### To do
Look for "Modern" in every line of the listing. Copy the lines that have it.

────────

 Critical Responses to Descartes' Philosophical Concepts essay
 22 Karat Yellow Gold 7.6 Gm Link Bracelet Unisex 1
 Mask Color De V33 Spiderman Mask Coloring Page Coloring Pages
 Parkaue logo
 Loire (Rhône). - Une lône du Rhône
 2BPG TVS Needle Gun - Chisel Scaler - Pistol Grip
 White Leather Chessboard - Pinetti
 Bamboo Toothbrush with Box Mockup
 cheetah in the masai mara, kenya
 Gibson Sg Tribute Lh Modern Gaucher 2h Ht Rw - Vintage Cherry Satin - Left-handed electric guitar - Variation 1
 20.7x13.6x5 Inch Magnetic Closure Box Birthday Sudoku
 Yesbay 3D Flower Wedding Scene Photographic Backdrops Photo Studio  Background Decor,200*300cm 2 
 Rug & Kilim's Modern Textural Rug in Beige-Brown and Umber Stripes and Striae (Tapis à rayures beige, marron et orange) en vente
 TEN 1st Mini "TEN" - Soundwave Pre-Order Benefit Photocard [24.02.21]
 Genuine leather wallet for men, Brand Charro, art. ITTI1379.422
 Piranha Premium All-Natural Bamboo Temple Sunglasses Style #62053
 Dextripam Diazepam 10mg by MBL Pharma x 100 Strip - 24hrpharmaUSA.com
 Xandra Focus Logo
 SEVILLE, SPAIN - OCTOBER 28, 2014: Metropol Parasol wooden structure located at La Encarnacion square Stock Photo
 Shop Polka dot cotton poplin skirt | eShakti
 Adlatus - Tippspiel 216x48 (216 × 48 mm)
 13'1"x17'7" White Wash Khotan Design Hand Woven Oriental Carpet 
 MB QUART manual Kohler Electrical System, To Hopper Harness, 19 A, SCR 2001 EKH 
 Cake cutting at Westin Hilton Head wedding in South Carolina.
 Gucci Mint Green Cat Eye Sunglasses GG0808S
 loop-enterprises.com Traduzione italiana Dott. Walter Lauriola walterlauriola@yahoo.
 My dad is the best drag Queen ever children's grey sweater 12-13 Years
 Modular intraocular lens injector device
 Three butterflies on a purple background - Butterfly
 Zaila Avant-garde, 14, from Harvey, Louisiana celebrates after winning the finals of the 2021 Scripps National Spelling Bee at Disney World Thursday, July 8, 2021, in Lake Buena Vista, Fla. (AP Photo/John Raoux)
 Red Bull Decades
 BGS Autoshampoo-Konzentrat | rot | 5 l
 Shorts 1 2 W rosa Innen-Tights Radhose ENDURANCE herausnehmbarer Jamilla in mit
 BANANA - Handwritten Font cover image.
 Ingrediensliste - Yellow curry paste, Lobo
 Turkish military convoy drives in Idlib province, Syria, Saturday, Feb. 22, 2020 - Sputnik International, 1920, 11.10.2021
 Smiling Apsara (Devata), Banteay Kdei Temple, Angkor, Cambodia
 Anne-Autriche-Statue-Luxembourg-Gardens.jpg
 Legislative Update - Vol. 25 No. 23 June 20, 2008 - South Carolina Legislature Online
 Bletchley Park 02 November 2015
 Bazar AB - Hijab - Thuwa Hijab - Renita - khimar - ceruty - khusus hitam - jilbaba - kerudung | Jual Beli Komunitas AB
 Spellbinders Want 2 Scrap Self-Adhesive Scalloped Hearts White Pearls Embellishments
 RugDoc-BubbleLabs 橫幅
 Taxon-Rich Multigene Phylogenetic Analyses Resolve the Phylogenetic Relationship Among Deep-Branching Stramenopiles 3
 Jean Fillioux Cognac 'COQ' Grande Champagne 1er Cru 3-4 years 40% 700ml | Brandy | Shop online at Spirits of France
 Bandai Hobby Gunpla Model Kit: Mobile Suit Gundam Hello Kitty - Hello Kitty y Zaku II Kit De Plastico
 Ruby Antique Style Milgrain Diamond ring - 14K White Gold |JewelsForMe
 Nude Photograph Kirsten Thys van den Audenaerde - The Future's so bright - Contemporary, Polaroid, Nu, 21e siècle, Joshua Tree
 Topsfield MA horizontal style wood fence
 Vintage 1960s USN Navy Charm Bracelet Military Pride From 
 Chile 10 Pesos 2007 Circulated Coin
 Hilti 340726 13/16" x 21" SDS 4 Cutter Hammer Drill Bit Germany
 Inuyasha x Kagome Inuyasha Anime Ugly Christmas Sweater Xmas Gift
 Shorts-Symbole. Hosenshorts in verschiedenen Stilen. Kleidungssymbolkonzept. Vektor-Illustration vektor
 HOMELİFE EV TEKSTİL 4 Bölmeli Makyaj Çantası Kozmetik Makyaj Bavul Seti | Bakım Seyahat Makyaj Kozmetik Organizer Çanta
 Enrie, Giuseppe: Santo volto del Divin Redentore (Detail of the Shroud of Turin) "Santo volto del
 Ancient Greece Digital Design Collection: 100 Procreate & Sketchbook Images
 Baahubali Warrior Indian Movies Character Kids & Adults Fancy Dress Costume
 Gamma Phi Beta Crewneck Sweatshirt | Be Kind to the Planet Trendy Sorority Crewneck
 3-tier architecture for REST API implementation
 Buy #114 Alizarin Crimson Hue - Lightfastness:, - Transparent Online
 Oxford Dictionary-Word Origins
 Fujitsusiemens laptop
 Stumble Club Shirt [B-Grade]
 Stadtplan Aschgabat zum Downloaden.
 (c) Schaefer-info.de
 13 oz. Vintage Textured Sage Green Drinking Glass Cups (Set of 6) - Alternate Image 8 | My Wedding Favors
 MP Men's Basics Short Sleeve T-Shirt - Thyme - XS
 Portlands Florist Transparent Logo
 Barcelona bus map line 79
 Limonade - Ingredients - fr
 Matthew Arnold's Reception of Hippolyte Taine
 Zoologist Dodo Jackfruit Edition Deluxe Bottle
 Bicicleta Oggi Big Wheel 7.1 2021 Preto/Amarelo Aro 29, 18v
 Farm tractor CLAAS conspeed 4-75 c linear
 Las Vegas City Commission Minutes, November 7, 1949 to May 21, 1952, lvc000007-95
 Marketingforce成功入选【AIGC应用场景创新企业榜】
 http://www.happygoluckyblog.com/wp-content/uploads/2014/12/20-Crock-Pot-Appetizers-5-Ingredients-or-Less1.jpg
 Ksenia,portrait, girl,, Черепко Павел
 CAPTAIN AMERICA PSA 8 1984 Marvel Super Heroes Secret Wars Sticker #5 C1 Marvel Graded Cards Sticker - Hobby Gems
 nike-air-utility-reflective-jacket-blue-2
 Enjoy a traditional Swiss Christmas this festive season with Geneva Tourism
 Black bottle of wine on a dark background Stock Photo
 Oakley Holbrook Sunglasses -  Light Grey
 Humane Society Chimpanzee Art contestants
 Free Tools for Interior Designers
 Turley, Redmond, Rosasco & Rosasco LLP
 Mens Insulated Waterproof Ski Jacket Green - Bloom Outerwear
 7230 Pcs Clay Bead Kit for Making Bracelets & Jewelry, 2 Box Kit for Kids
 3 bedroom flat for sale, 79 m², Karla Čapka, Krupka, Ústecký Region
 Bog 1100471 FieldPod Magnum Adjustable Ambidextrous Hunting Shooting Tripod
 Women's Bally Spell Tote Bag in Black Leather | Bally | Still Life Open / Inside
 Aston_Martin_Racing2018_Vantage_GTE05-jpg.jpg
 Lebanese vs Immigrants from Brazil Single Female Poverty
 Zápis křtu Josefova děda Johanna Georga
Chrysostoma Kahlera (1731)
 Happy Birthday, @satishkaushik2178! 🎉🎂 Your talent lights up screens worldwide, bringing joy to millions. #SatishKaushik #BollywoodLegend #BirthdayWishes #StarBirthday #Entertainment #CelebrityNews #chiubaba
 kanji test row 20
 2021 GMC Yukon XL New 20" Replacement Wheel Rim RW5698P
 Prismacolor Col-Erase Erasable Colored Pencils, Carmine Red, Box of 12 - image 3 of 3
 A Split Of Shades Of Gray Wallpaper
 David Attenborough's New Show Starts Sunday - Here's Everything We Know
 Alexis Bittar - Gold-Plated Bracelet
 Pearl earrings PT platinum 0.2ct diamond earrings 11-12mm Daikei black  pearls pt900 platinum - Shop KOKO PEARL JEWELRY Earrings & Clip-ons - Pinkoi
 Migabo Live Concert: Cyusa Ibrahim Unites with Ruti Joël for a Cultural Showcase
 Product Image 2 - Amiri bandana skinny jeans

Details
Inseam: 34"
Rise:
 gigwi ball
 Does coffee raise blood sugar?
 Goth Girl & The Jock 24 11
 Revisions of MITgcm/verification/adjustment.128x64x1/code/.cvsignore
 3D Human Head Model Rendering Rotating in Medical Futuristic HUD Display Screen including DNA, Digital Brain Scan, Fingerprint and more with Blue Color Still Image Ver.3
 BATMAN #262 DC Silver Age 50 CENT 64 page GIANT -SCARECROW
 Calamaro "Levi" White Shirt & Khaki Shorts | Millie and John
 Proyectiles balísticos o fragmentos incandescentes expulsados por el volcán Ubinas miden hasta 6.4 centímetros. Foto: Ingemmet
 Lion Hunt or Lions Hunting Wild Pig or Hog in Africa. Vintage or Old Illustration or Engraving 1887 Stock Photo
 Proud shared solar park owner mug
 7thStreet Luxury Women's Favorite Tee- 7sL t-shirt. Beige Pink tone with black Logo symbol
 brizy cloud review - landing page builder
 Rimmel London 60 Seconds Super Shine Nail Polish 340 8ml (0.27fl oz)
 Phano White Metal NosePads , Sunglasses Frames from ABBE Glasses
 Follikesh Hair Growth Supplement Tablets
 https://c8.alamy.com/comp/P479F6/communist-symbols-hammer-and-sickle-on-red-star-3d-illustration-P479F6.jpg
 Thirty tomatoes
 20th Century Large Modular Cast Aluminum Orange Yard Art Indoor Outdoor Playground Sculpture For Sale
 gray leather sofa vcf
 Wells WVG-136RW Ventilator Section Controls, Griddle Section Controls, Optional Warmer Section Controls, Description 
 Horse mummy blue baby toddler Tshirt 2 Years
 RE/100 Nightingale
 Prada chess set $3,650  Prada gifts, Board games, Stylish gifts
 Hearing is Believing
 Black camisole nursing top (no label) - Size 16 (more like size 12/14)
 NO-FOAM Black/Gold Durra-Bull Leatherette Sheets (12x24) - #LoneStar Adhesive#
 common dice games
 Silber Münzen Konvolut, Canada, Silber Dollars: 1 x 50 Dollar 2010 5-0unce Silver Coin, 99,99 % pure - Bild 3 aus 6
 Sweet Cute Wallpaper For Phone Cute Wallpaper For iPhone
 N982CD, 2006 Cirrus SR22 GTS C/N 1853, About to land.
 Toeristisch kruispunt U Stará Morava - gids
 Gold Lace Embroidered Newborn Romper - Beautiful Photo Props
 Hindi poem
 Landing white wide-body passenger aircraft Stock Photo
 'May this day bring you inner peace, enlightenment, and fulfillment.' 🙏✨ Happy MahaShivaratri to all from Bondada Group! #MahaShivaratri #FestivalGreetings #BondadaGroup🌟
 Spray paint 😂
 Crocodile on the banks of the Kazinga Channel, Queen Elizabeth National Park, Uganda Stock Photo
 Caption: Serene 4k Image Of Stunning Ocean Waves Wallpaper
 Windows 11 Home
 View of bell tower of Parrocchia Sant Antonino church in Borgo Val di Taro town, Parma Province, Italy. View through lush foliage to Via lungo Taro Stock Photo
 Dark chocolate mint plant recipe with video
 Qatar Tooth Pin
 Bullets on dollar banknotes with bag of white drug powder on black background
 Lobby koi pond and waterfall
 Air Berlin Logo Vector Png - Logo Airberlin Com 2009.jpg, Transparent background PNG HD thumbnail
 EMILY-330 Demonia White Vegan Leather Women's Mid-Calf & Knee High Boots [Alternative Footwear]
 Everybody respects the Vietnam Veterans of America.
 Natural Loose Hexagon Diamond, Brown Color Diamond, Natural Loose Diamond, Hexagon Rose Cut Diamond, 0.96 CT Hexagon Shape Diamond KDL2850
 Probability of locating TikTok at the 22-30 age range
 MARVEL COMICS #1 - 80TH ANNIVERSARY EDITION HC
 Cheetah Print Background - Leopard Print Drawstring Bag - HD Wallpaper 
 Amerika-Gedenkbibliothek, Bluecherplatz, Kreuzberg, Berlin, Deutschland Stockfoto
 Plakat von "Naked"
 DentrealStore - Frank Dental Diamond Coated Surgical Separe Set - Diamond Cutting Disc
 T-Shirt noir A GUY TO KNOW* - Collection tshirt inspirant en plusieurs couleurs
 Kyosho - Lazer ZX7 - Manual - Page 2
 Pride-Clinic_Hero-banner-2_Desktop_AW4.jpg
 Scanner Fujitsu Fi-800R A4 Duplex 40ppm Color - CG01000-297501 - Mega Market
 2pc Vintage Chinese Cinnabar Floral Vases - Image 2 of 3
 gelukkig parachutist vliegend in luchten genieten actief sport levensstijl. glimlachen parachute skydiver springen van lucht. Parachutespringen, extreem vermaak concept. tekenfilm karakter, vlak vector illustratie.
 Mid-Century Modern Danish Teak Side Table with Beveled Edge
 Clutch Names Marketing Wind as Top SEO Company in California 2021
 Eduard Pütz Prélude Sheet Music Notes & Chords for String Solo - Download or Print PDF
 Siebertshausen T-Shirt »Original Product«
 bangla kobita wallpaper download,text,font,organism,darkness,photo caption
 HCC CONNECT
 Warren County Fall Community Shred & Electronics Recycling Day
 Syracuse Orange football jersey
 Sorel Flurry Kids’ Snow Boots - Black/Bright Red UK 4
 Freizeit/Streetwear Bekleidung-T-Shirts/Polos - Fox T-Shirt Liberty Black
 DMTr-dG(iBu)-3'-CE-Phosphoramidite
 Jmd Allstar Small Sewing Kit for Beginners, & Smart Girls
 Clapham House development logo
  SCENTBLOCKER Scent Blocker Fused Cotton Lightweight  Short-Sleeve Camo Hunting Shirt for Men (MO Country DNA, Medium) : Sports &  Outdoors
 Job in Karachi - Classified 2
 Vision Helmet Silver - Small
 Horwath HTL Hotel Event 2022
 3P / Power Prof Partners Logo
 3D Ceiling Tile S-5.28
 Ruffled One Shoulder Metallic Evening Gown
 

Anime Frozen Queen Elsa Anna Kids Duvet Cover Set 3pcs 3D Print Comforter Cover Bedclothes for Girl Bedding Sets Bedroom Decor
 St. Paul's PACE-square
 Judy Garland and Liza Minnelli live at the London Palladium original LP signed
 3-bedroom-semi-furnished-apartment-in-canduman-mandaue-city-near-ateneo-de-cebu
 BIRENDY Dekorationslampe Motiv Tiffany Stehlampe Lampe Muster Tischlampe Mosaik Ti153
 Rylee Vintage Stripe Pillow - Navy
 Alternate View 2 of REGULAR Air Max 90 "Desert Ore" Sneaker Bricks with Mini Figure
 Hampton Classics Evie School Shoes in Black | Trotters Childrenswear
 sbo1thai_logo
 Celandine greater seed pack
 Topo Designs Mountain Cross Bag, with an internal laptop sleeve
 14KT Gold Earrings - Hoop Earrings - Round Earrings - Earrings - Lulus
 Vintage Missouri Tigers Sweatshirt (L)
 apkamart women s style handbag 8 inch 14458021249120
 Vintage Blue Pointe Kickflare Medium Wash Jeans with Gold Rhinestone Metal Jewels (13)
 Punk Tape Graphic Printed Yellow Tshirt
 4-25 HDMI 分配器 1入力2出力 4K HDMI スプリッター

────────

### Response to this exercise
 Gibson Sg Tribute Lh Modern Gaucher 2h Ht Rw - Vintage Cherry Satin - Left-handed electric guitar - Variation 1
 Rug & Kilim's Modern Textural Rug in Beige-Brown and Umber Stripes and Striae (Tapis à rayures beige, marron et orange) en vente
 Mid-Century Modern Danish Teak Side Table with Beveled Edge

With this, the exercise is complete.